5. If a multi reader multi case (MRMC) comparative effectiveness study was done, If so, what was the effect size of how much human readers improve with AI vs without AI assistance
Not applicable. This is a spinal implant system, not a diagnostic AI device.
6. If a standalone (i.e. algorithm only without human-in-the-loop performance) was done
Not applicable. This is a medical device (spinal implant), not a standalone algorithm.
7. The type of ground truth used (expert consensus, pathology, outcomes data, etc)
Not applicable. The concept of "ground truth" in the context of diagnostic or AI performance evaluation is not relevant to this 510(k) submission. The "truth" in this context refers to the safety and effectiveness of the device as established through comparison to legally marketed predicate devices and adherence to regulatory standards for medical implants.
8. The sample size for the training set
Not applicable. This is not an AI/machine learning device; therefore, there is no training set mentioned.
9. How the ground truth for the training set was established
Not applicable. As there is no training set, there's no ground truth for it.
Summary of what the document does provide:
- Device Name: BASIS™ Spinal System
- Manufacturer: Medtronic Sofamor Danek, Inc. USA
- Regulatory Status: 510(k) premarket notification (K050484), determined substantially equivalent (May 4, 2005)
- Predicate Devices: CD HORIZON® Spinal System screws, hooks and Rods (K042025, K020709 and K981676)
- Indications for Use (Key "Acceptance Criteria" in the context of 510(k) for equivalence): These are the conditions for which the device is intended to be used, and they must be substantially equivalent to the predicate device.
- BASIS™ Screws and Hooks (posterior, non-cervical fixation): spinal stenosis; spondylolisthesis; curvatures (scoliosis, kyphosis, lordosis); trauma (fracture or dislocation); pseudarthrosis; tumor; and/or failed previous fusion.

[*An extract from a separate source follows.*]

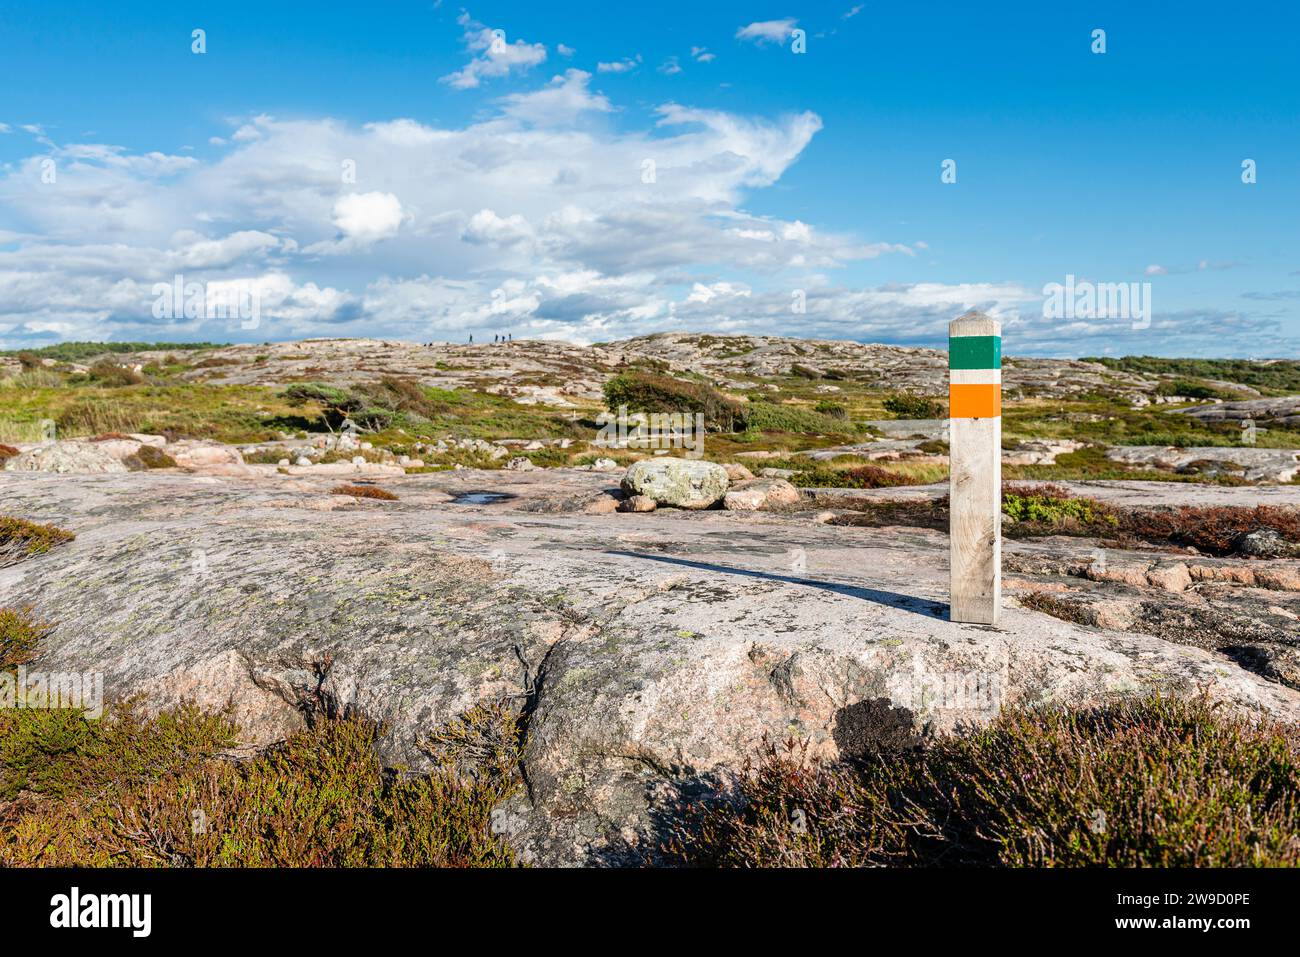 Sentiero escursionistico sulle rocce e attraverso la campagna del libro nel Parco naturale Tjurpannan nell'arcipelago della costa occidentale della Svezia, Bohuslän, Tanumshede Foto Stock

- BASIS™ Components (except hooks, as anterolateral thoracic/lumbar, or anterior cervical system): spinal stenosis, spondylolisthesis, spinal deformities (scoliosis, kyphosis, lordosis), fracture, pseudarthrosis, tumor resection, and/or failed previous fusion.

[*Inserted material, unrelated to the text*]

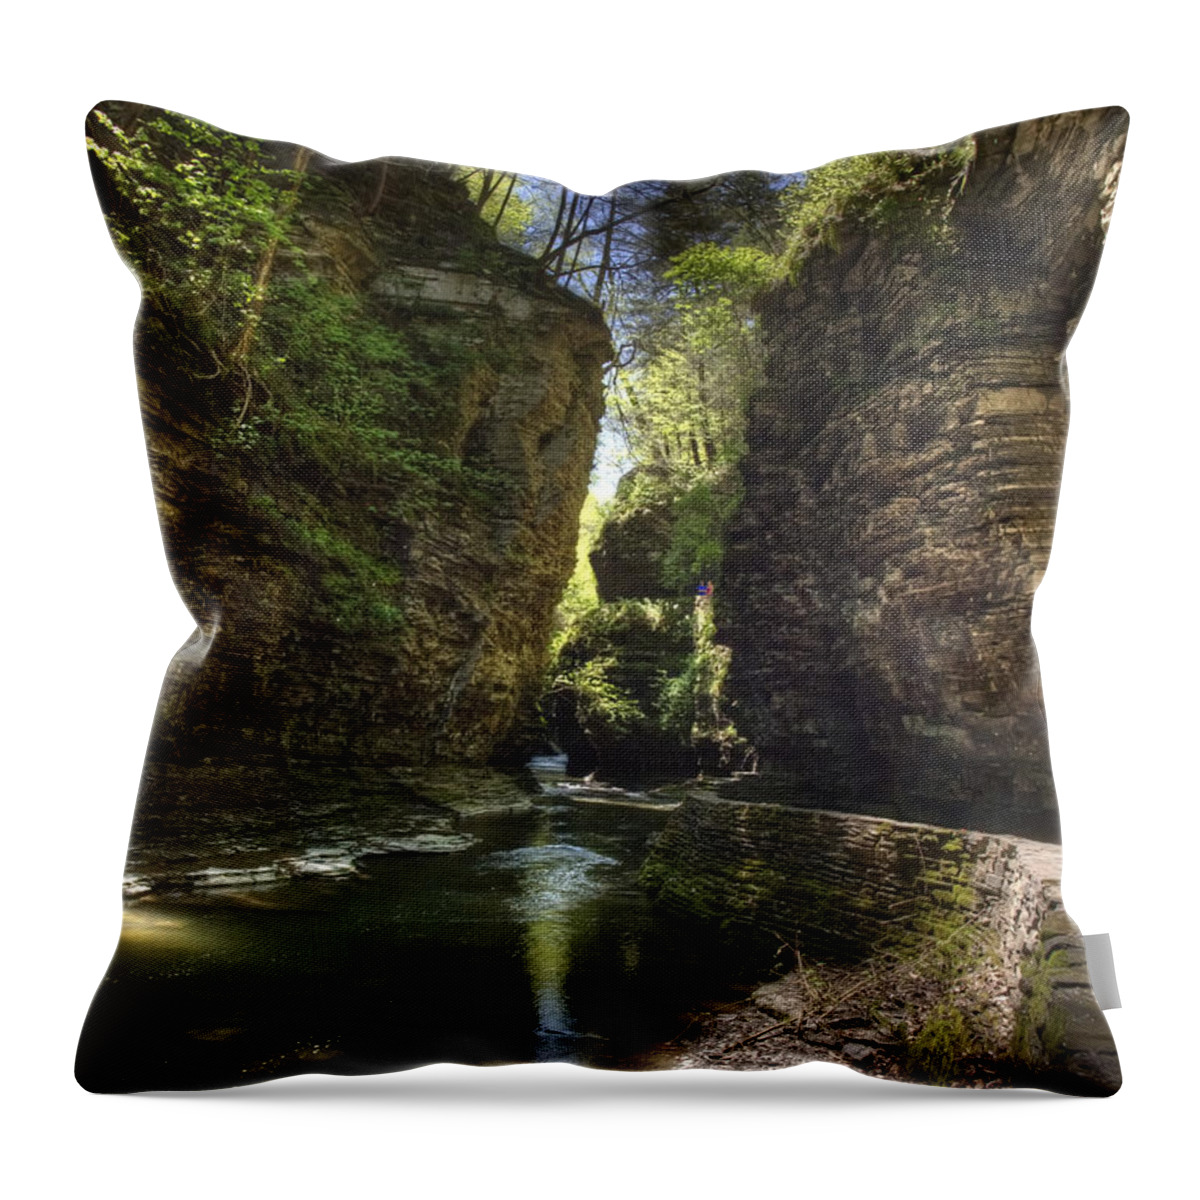 Watkins Glen Throw Pillow featuring the photograph A Moment of Stillness by Joshua House

- Materials: Medical grade titanium and titanium alloy.
The "study that proves the device meets the acceptance criteria" in the context of a 510(k) is the demonstration of substantial equivalence to predicate devices, not a separate clinical performance study with specific metrics like sensitivity or specificity. The entire submission acts as the "proof" that it meets the regulatory "acceptance criteria" for market clearance.